Wednesday, April 30, 2008

the sweetest thing

My little worker bees

My kids are now income earning members of society. They began receiving allowances last week. After waaaaay too much thinking about it, Joe and I decided they would have to earn their allowance. We already expect them to pick up after themselves, to get dressed and do basic hygiene. The allowance is given for additional tasks they are now responsible for. I made a little list with three categories; daily, weekly and as needed. Daily they have to put their clothes in the hamper, set the table for dinner and clear their dishes after dinner. They also need to straighten their beds in the morning. Weekly they empty the wastebaskets into the kitchen trash and dust. Feeding and watering the dog and folding towels are chores they do as needed. {Our dog has some odd eating habits and a scoop of food will stay in his bowl for a day or two before he eats it all. So he doesn't need to be fed every day. Just wanted to make that clear so no one got the wrong idea and thinks we don't feed the dog.} We decided to give them $2.50 a week and 1/2 of it must go into their savings account. We are now into the second week and the kids are in love with this whole system. Everyone they meet gets to listen to the chore list. I'm sure my dry cleaner and the pharmacist and paper guy really wanted to know exactly what chores my kids have and when they need doing. I wonder how long the honeymoon period is? I know there will come a day when the chore list isn't read aloud with rapture but I wonder just how long I have?
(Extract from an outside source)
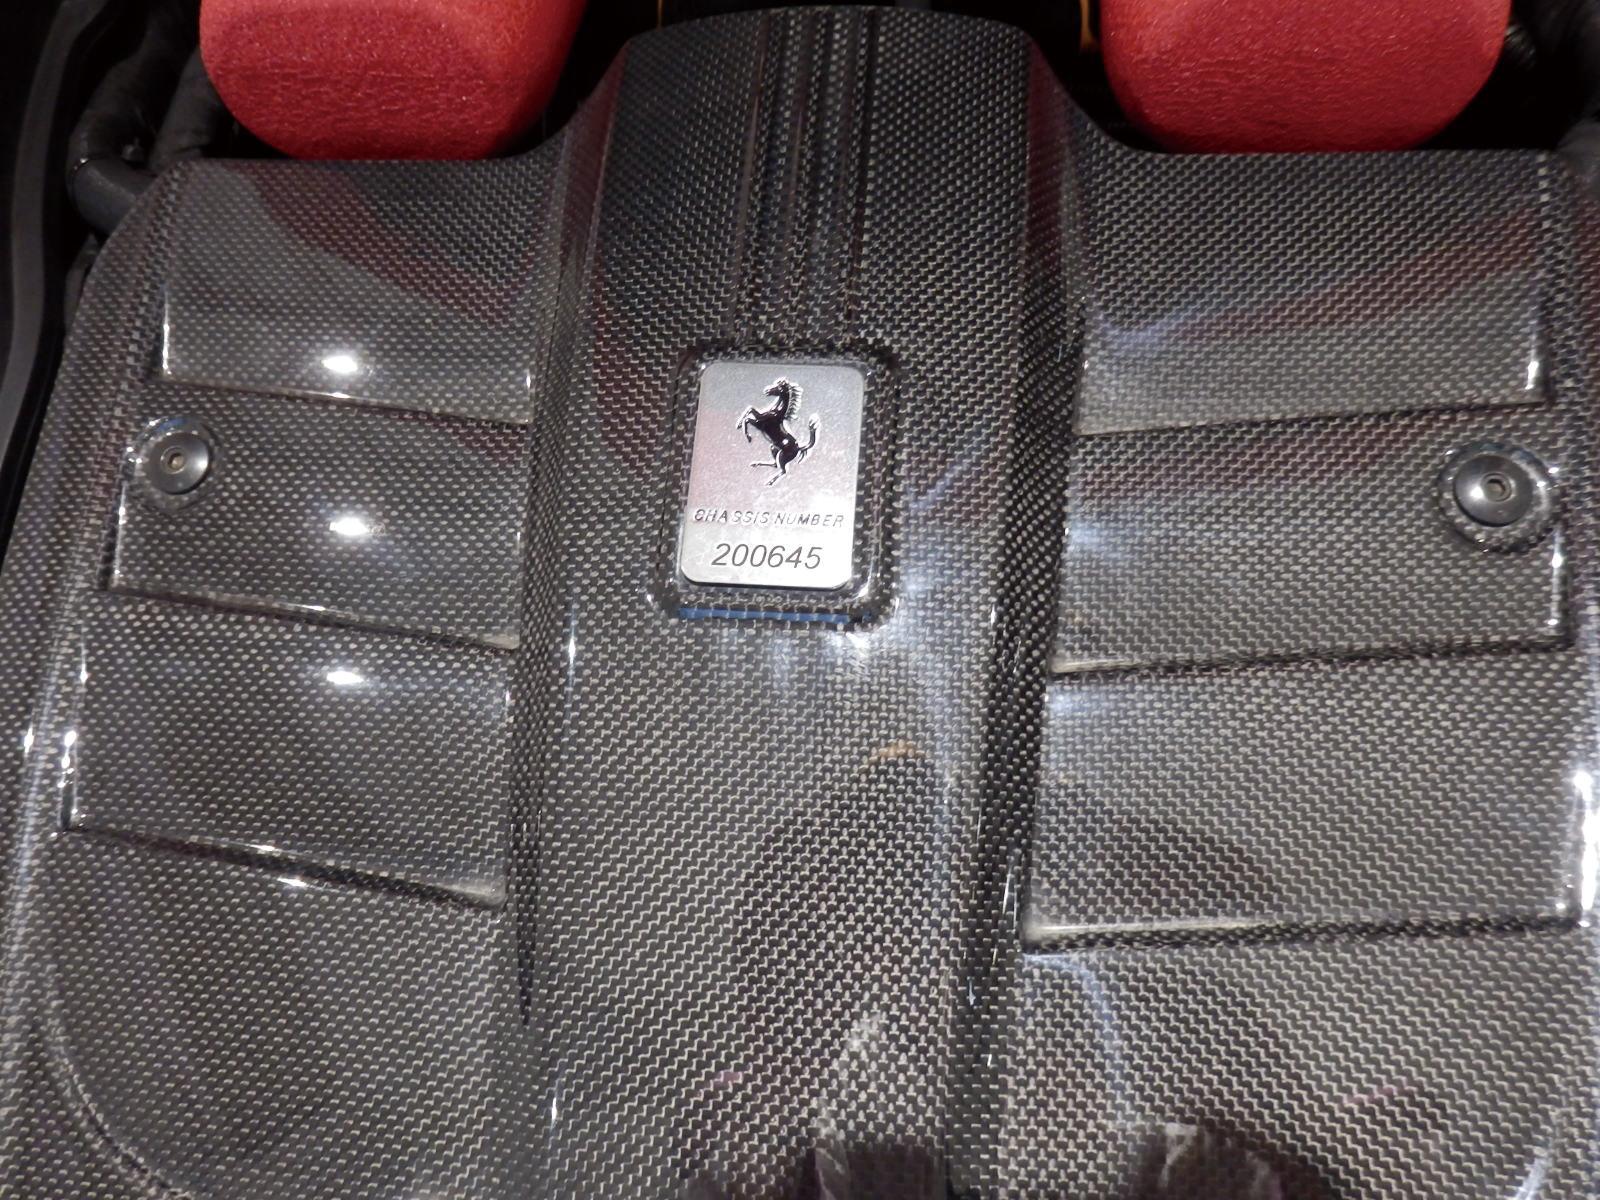 F12 ベルリネッタ ロッソコルサ カーボンエンジンカバー

Teresa has taken to folding like a duck takes to water. She does a very nice job too. She is a perfectionist and makes sure her corners meet and there's no wrinkles. She will happily fold a basket of dish towels or receiving blankets, humming away as she works. This new found love of folding has created a whole new game in our house. Teresa uses receiving blankets to wrap items from around the house, like the remote, bibs, small toys, books and the mail. Then she distributes the "presents" to her intended recipients. We have to ooh and ahh and yell "It's just what I wanted!" Then she takes it back and the cycle begins again. Ingenious little game and she'll play it all day. I honestly don't know why I insist on buying my kids toys.

Monday, April 28, 2008

Miracle of Miracles!!!

I woke up this morning and shook the sleep out of my head. As I stretched my aching back and plodded into the bathroom the heavens opened and a choir of angels rejoiced as I realized that all three of my kids actually slept through the entire night and all in their own beds!!!!

Sunday, April 27, 2008

Wearing my heart on my sleeve...ummm, I mean mixing bowl

My trademark is the heart. Not the anatomical kind but the goofy valentine's kind. I was born on Valentine's day and as far back as I can remember I have adored anything adorned with a heart. This infatuation has continued to this day. On my most recent birthday I received from two of my sisters these happy little kitchen helpers. I cannot explain to you how happy they make me. Honestly, look at them!!!! So fun!!! I think I create excuses to bake just so I can pull them out and handle them. The artwork on the mixing bowl is the work of a student from the Cardinal Cushing School; a school for mentally challenged adolescents and young adults. A portion of the proceeds is used to help fund this wonderful school. Every time I use them, I get to bake up some loving and be reminded of just how loved I am. I'm telling you, it doesn't get much better than that.

Monday, April 21, 2008

Put me in coach!

Is there anything as cute and all American as a little boy in a baseball uniform?

Sunday, April 20, 2008

Monday, April 14, 2008

Me and my waistline thank you

I think a need to add an addendum to my little plan. We may have to work on cleaning up Sam's vocabulary. The other night Joe was helping Kate finish up some broccoli and he plays the age old game of pretending it's his and not wanting anyone else to eat it which is the cue for the kid to steal it off the fork. Our kids love to then blame the dog, cats or even me for the missing food. So Kate ate the broccoli and Joe asked indignantly who the culprit was and Sam piped in "It was the fucking dog!!!" I choked not just on my food but on my laughter. Once I recovered sufficiently to talk, I told Sam that we do not use that word because it is not a very nice word. Sam looked at me in all innocence with those big brown eyes and asked "Why is dog a bad word?" Joe and I couldn't help ourselves and we laughed till our sides hurt.
By the way, thank you so so much for your kind words and encouragement. Reading your words helps to strengthen my resolve and keep a positive attitude. Not to mention, it keeps me from eating my weight in chocolate covered pretzels.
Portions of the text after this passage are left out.